This is the third in a series of blogs in which I review how the supply chain trends we picked out at the start of the year have played out. This week, I’ll be looking at cyber-security. This is a bit trickier than the others to assess as businesses tend not to shout too loudly about developments (or lack of them) in their cyber-security strategy, but a lack of exposure is certainly not an indication of a diminished threat!
Cyber-attacks can be among the most disruptive events a supply chain can face. We saw just how damaging they can be in 2017, with several FMCG businesses suffering severe damage as a result of attacks. The 2018 Global Threat Intelligence Report highlights the threat. The report, which categorises supply chain as part of the wider business and professional services sector, suggests it is now the third most attacked sector globally1.
Source: 1,2 2018 Global Threat Intelligence Report, NTT Security
A shape-shifting threat
One of the most challenging aspects of cybersecurity is that threats are continuously evolving. At the same time, the size of the target is growing. We said at the start of the year, that digitised “things” are windows into businesses. This remains the case with more sensor-based technologies being incorporated into supply chain operations all the time – these are particularly challenging to secure.

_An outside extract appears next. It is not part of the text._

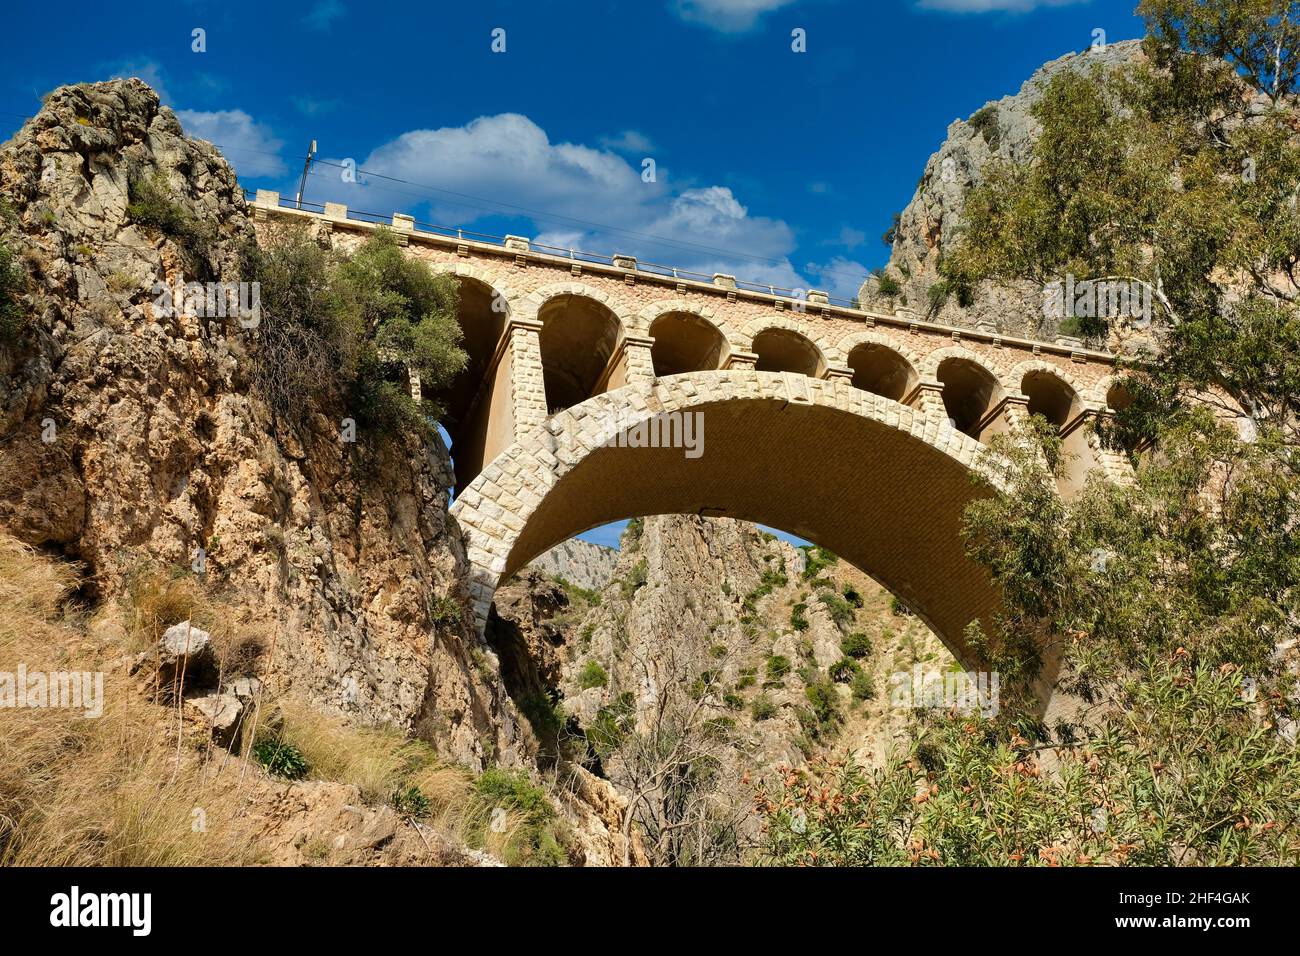 Train bridge of El Chorro in desfiladero de los gaitanes in Malaga (Spain) Stock Photo

So, the sphere of things to protect is growing (massively) and the threat is becoming more sophisticated, but according to the 2018 Global State of Information Security Survey, only 34% say their organisations plan to assess Internet of Things (IoT) security risks across the business ecosystem. This is a telling statistic, particularly given that as an industry, we are more and more digitally driven, and we’re locked into this trajectory.

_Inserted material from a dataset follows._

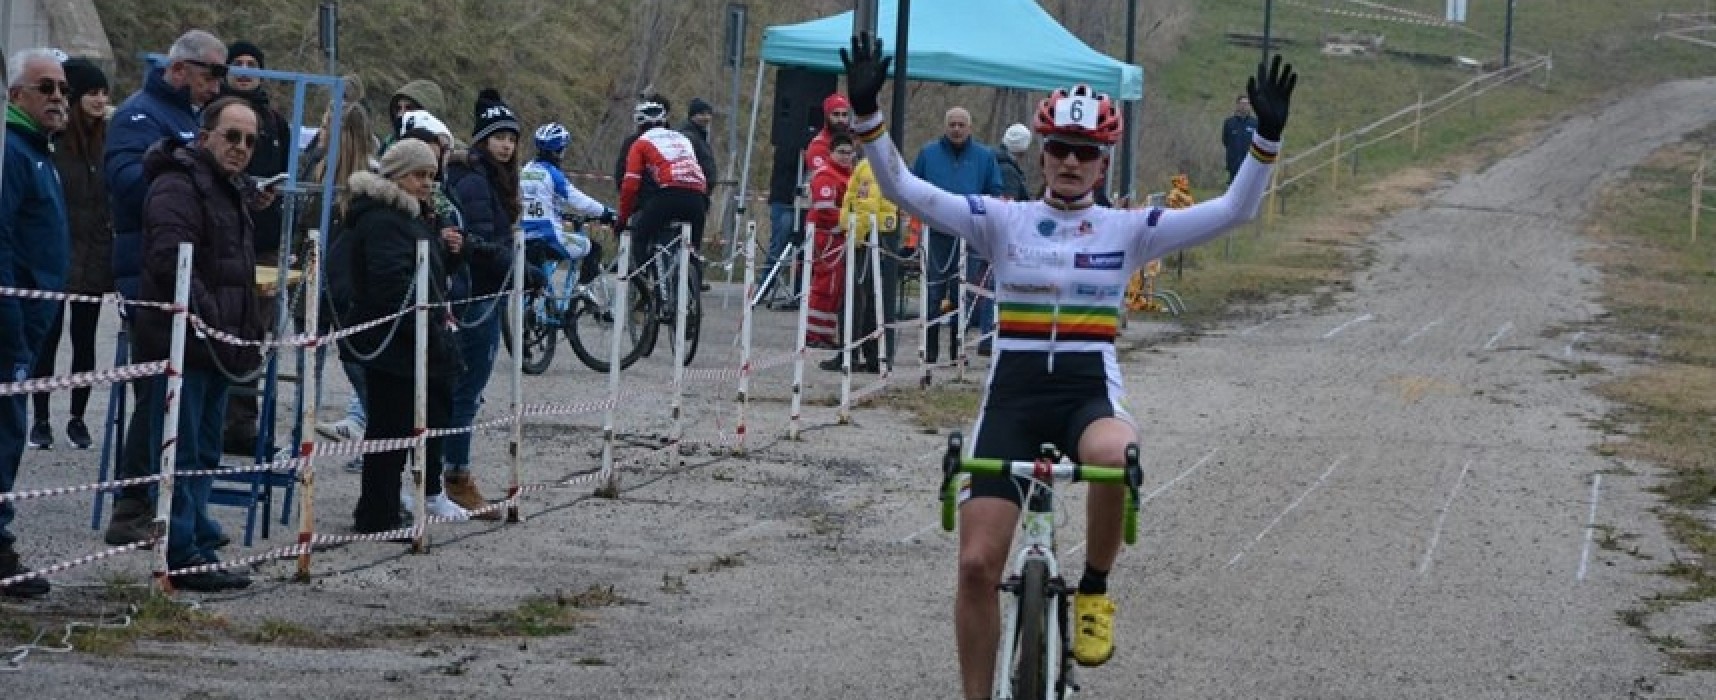 Gaetano Cavallaro, ottimi risultati al 2° Trofeo Protek in vista dei Campionati Italiani / FOTO

It’s fair to say that so far in 2018, we haven’t seen attacks on the same scale as those that impacted the industry last year. Perhaps businesses have been sparked into life, the truth is, we don’t really know. What we can say with confidence is the cyber threat will continue grow, both in terms of the likelihood of an attack and severity of impact.
What can we do about it?
Our Supply Chains for Growth research identified skill in applying disruptive technology as a feature of supply chain organisations that are set up to deliver strategic competitive advantage. It also identified the need for transparency and trust to be at the heart of supply chain strategy.
Skill in applying disruptive technology includes an ability to assess technology in its totality, including how it fits into the cybersecurity strategy.
In these hyper-competitive times, investing in “back of house” capability that doesn’t directly add to the customer proposition, at least in marketable way, isn’t the number one priority for many. But increasing the capability and expertise of people to make the most of the new tech extends beyond everyday users – to those responsible for making sure that technology doesn’t introduce unacceptable threats. This means training or acquiring the necessary skills.
When viewed through lens of the second feature I called out, Transparency and trust, the importance of cybersecurity takes on new meaning. It will be crucial for establishing the partnerships, that will be so vital to addressing the many challenges facing the industry. In the digital world, the boundaries between businesses are blurred, with more data sharing and third-party hosting set to become the norm. To thrive, partnerships must be seen to add value; they certainly cannot introduce risk.
Source: Supply Chains for Growth, IGD, 2018
Transparency and trust extend to consumers, and how they perceive the businesses they interact with will influence success. The introduction of GDPR is just one example of the changing standards. While this is mandated change, many initiatives will be a result of choices. Leading businesses will increasingly put transparency and trust at the heart of their business strategy, with those who lag behind conspicuous by their lower standards.
While cybersecurity was called out as a key trend, this year we’ve also looked at number of other threats facing the industry’s supply chains. Our three-report series on the Vulnerabilities in the Global Supply chain looked at geopolitics, the environment and resources and setting up for disruption. We explored chokepoints, protectionism and changes to trading blocs, as well as weather and climate, disasters and resource scarcity. We also called out decisions businesses must take to set up to deal with disruption.
Self-disrupt and evolve
Tom Moody, Managing Director Northern Europe P&G called out the “curse of the incumbent” at last month’s Supply Chain Summit, identifying the need to disrupt yourself. In my opinion, cybersecurity should be high on this list of ways food and grocery businesses do this.
Resilience, backed up by contingency and continuity plans might not be glamorous, but these are essential in today’s complex, global supply chains. Technology, in particular, is resetting customer expectations and behaviour, and a cybersecure supply chain will be a prerequisite for the consistent delivery of ambitious customer promises.